I HAVE A MINOR CHILD WITH A DISABILITY AND EXPECT THEY WILL BE INCAPACITATED THROUGH ADULTHOOD – WHAT STEPS DO I TAKE?
Once a person turns 18, they are considered a legal adult by most entities in American society, including financial institutions, medical providers, and government agencies like the Social Security Administration. At that point, in order to assist them with things like medical treatment or government benefits, such entities will more than likely require a guardianship and/or conservatorship to have authority to make decisions on their behalf. Depending on the situation, the parent or legal custodian of the respondent can petition about two months before the respondent’s 18th birthday and request a court date for the birthday or shortly after that. Alternatively, if the 18th birthday is coming up quickly and there is a serious need for a guardianship and/or conservatorship, there is also an expedited version of the process. The legal standards for this are heightened, but if the situation is an emergency, the court may appoint an emergency guardian and/or special conservator to serve until the permanent one is ordered on the regular timeline.

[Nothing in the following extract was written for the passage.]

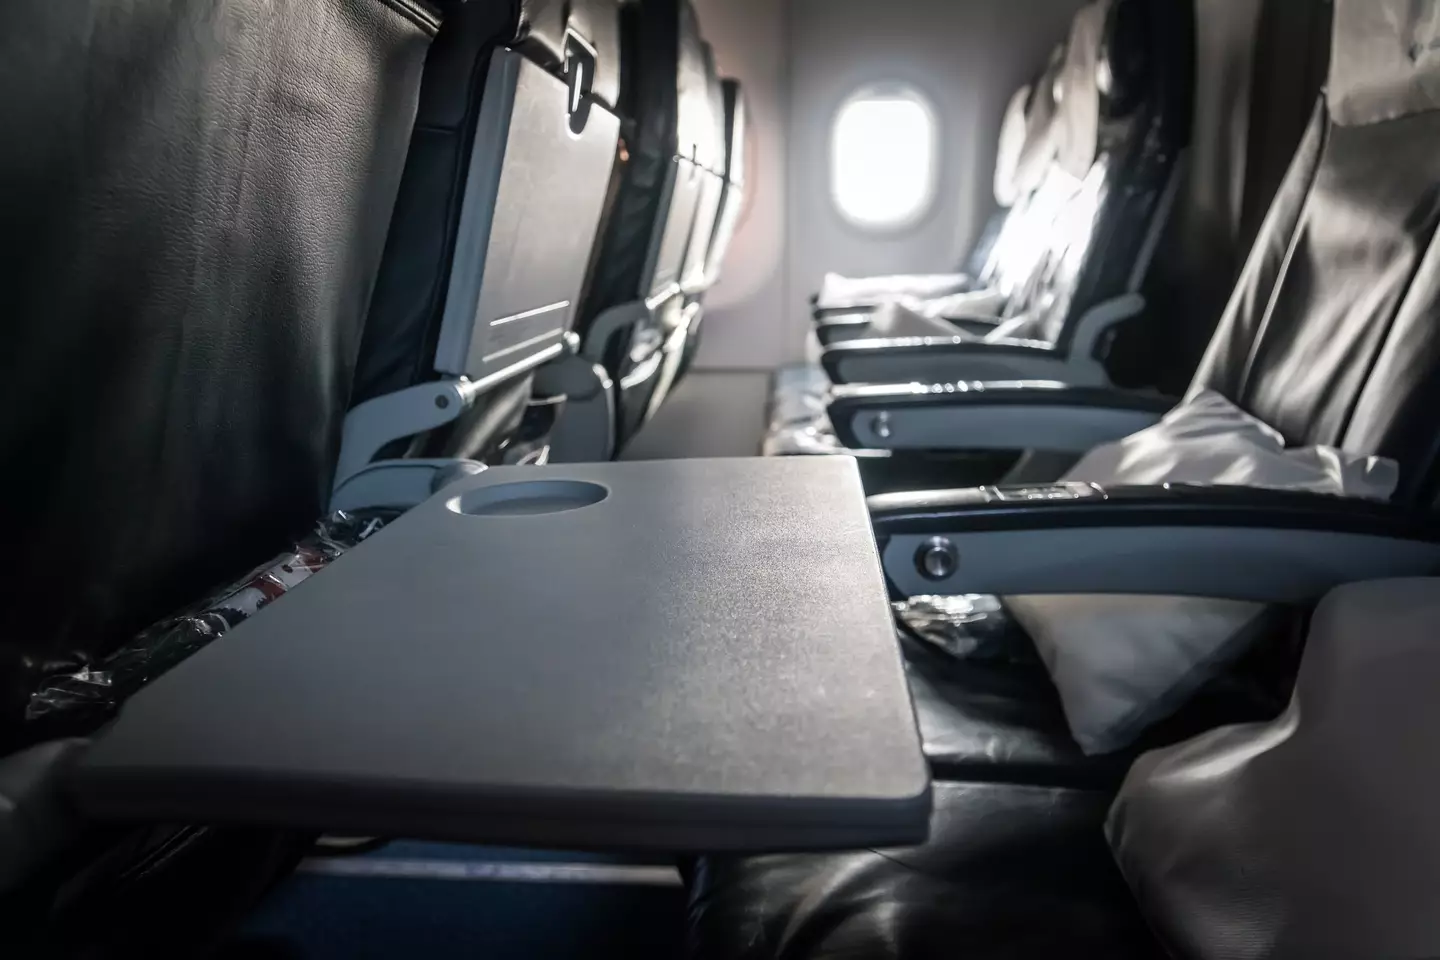 You may want to think twice when you next go to use a tray table when flying.

It's also a good idea for parents to meet with an estate planning attorney and ensure they have official, written guardian and conservator nominations for any minor children as well as express, broad authority for their nominated fiduciaries to be able to make lawful gifts to minors or incapacitated beneficiaries in a way that’s in their best interests.
CONCLUSION
Adult protective cases can feel emotionally taxing and overwhelming for everyone involved. At Gant Law, we understand that every case has its own unique needs and we pride ourselves in doing everything we can to ensure these cases are resolved and tailored to the best interests of the protected person. If you’re worried about a loved one’s wellbeing, you feel like someone is pressuring or taking advantage of you or your loved one, or you’re interested in taking estate planning measures, please schedule a consultation with us and one of our attorneys will be happy to provide you with personalized advice.

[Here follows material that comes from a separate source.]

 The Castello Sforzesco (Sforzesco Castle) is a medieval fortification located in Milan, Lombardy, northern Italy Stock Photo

*Please Note: While it’s often ideal to retain the services of an attorney, it’s also important to know that representation is not required, and anyone can proceed with protective cases without legal counsel. The courts supply many helpful resources and JDF forms for public use. All necessary forms can be downloaded from the Colorado Judicial Branch website under Self-Help and Forms. The court’s instructions and list of forms for appointment of a guardian and conservator for an adult can be found on JDF 840 and JDF 875, respectively.